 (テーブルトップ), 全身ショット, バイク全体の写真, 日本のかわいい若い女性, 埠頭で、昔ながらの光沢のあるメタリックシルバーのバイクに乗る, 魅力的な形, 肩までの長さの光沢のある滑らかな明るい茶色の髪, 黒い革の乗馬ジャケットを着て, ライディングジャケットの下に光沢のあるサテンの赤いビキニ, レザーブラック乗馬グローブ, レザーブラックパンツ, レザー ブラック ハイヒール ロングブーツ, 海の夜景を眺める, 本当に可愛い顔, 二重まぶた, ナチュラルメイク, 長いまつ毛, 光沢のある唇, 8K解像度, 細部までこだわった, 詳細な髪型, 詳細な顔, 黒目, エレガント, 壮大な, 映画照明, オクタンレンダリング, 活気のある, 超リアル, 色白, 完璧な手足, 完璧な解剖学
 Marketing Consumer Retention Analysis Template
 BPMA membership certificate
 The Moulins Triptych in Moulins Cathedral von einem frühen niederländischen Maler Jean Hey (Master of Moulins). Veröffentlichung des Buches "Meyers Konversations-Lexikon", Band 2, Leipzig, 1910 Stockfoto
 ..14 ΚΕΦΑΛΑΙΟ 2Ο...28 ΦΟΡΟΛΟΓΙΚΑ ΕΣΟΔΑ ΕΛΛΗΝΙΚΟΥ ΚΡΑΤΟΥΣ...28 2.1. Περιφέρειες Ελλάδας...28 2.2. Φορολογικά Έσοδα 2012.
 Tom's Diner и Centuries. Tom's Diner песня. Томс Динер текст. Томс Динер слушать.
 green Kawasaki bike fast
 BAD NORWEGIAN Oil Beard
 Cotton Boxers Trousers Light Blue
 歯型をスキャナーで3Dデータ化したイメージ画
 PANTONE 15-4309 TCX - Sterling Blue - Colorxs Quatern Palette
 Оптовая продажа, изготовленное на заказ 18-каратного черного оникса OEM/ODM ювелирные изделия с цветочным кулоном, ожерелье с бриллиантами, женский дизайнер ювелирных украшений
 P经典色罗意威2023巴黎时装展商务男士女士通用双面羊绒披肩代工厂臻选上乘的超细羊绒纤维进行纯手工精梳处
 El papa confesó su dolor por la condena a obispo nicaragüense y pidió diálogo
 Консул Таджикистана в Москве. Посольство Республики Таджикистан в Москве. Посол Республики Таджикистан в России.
□ □ □
* [What you should do]
Each line above from the one with "BPMA membership certificate" up to and including the one with "PANTONE 15-4309 TCX - Sterling" must be set down exactly, and no line outside that span may appear.

* [Exercise answer]
 BPMA membership certificate
 The Moulins Triptych in Moulins Cathedral von einem frühen niederländischen Maler Jean Hey (Master of Moulins). Veröffentlichung des Buches "Meyers Konversations-Lexikon", Band 2, Leipzig, 1910 Stockfoto
 ..14 ΚΕΦΑΛΑΙΟ 2Ο...28 ΦΟΡΟΛΟΓΙΚΑ ΕΣΟΔΑ ΕΛΛΗΝΙΚΟΥ ΚΡΑΤΟΥΣ...28 2.1. Περιφέρειες Ελλάδας...28 2.2. Φορολογικά Έσοδα 2012.
 Tom's Diner и Centuries. Tom's Diner песня. Томс Динер текст. Томс Динер слушать.
 green Kawasaki bike fast
 BAD NORWEGIAN Oil Beard
 Cotton Boxers Trousers Light Blue
 歯型をスキャナーで3Dデータ化したイメージ画
 PANTONE 15-4309 TCX - Sterling Blue - Colorxs Quatern Palette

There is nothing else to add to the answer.